# EXERCISE DIRECTIONS
Where a picture occurs in the data, omit it, and copy all remaining data exactly.

# SUPPLIED DATA
= Beginning of Section =

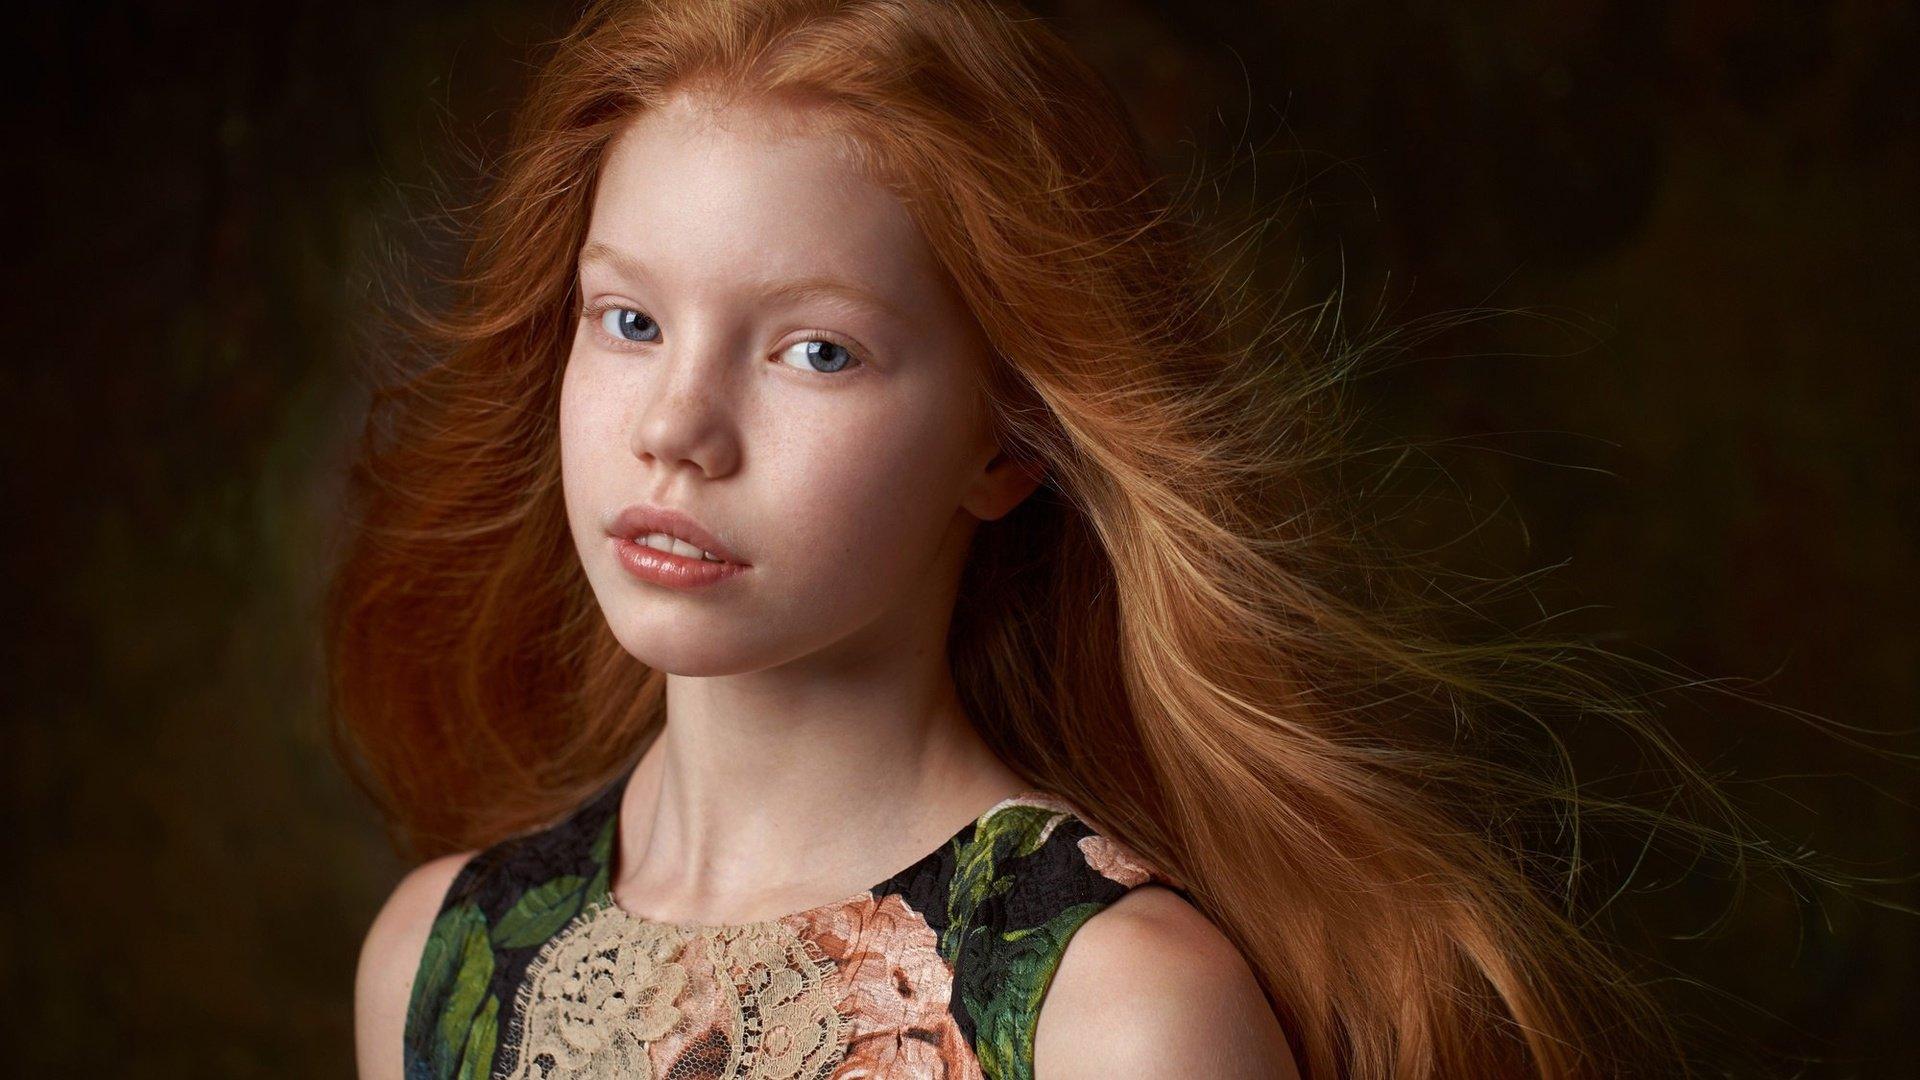 Обои Девочка, child, портрет. Разное foto 14
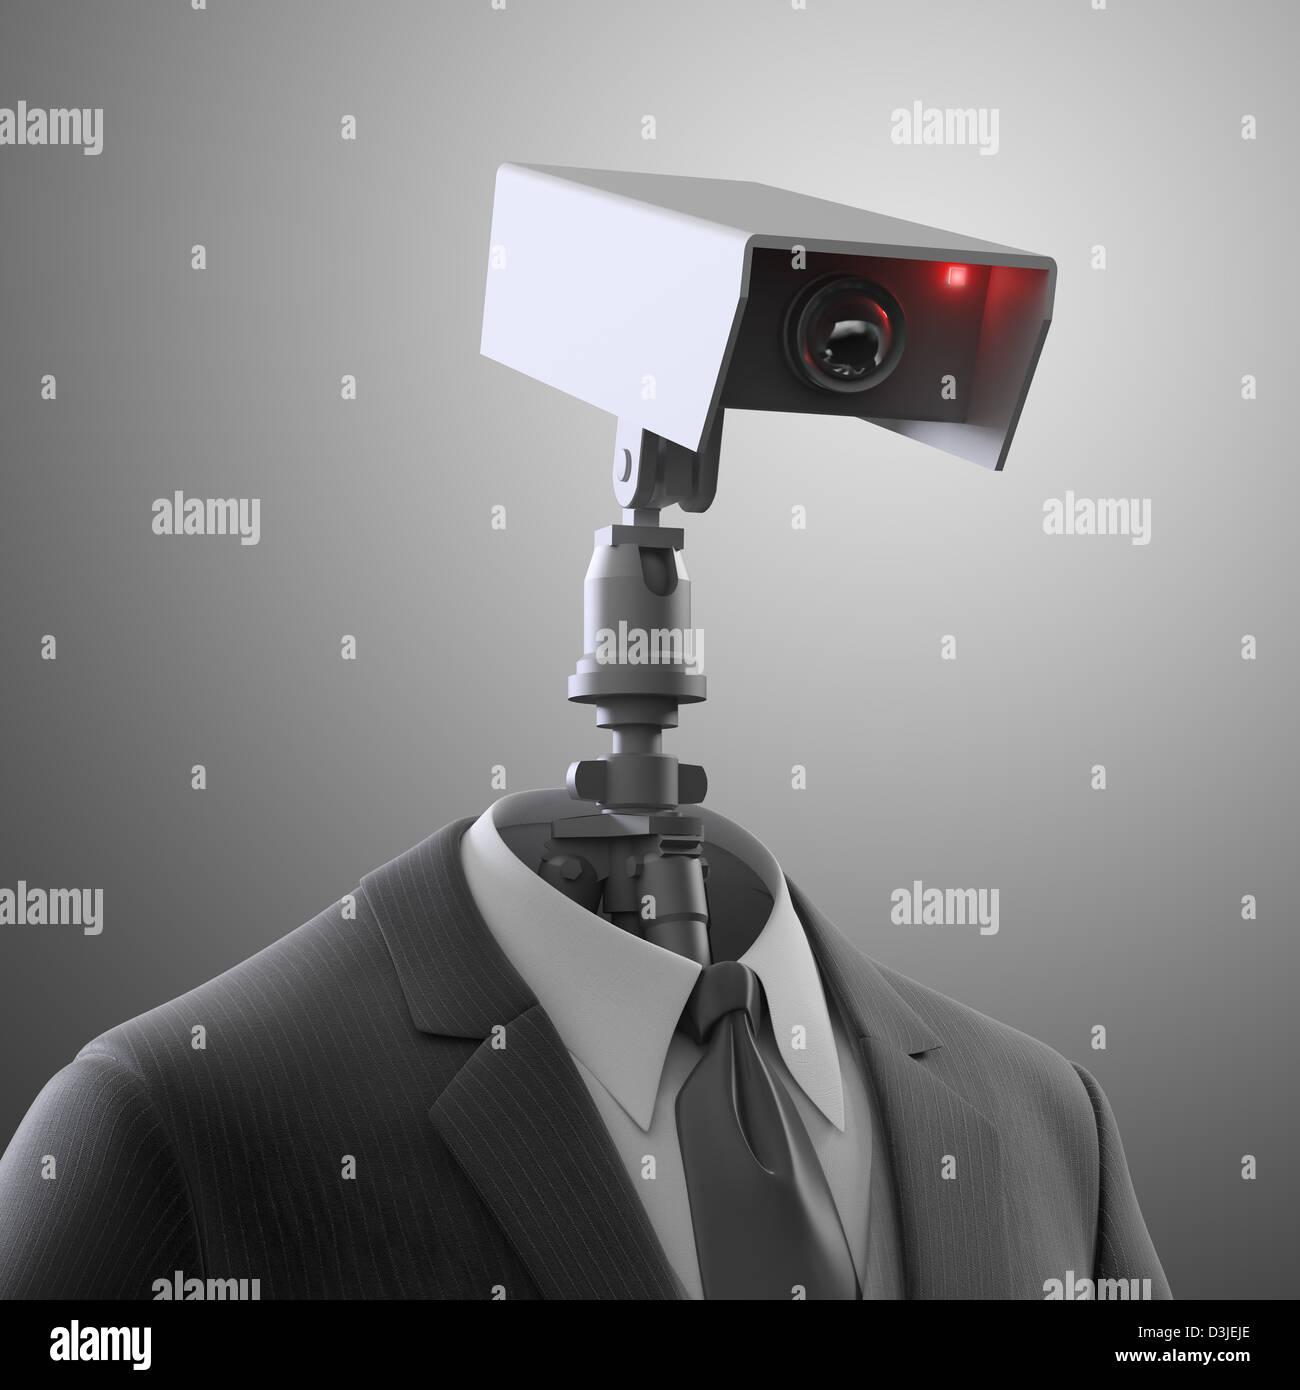 Un manipolatore robotico di una telecamera di sicurezza - sorveglianza automatizzata Immagini Stock
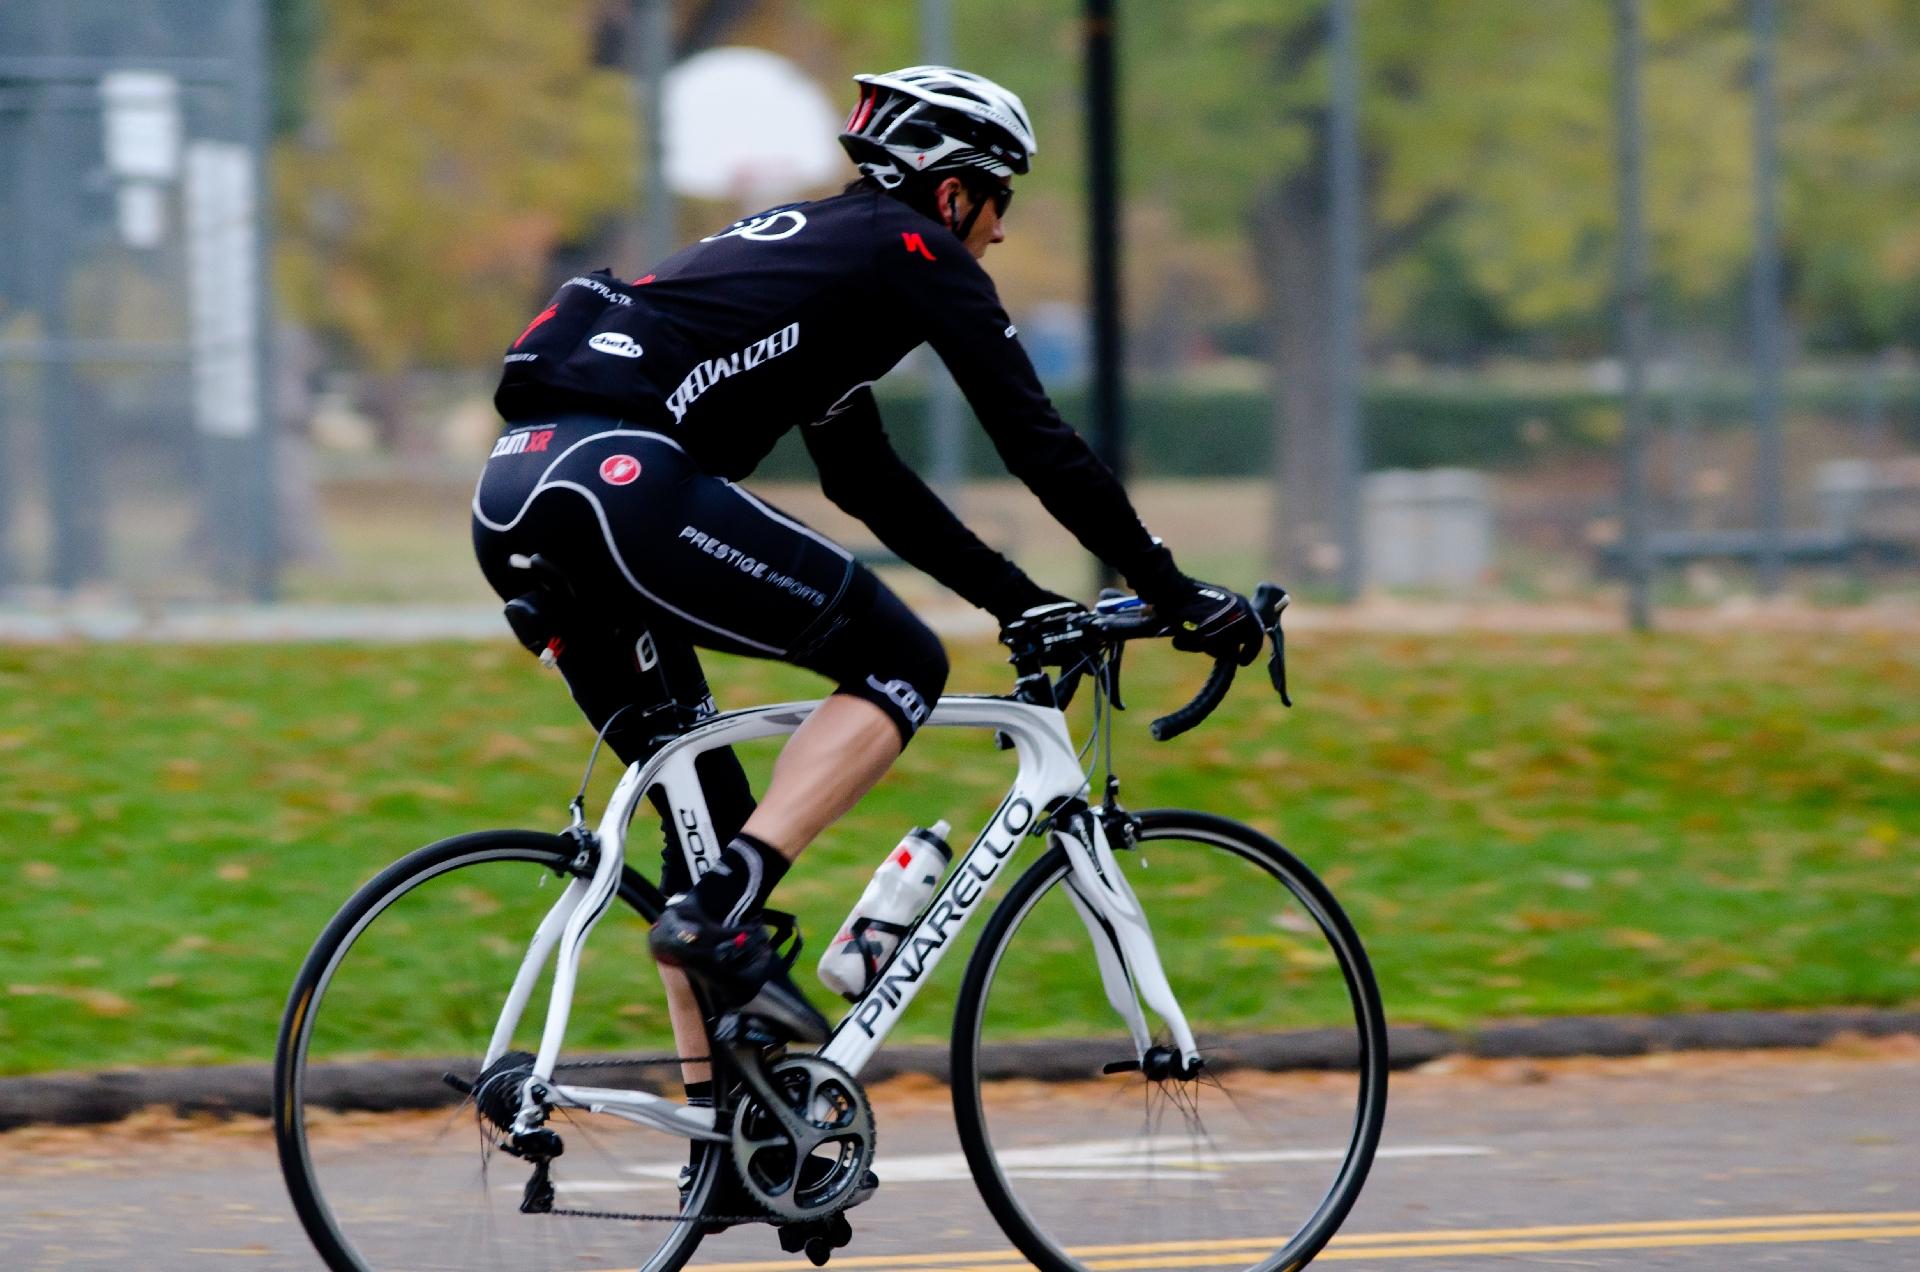 自転車のブレーキ音がうるさくなったときの対処法
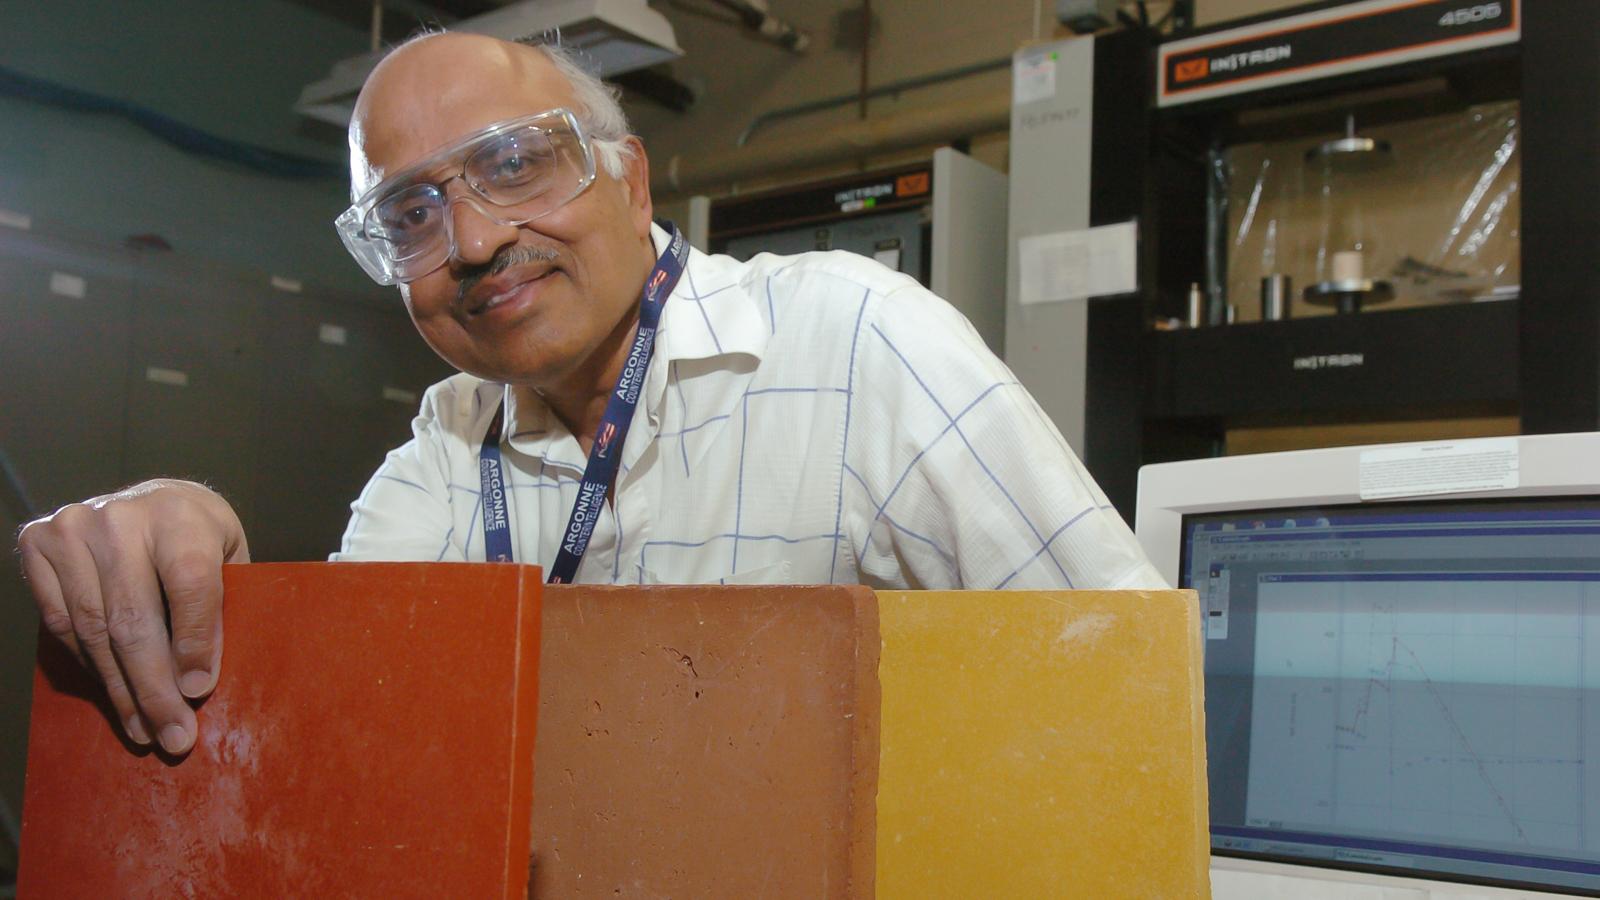 Arun Wagh

= End of Section =

# ANSWER TO THE EXERCISE
 Обои Девочка, child, портрет. Разное foto 14
 Un manipolatore robotico di una telecamera di sicurezza - sorveglianza automatizzata Immagini Stock
 自転車のブレーキ音がうるさくなったときの対処法
 Arun Wagh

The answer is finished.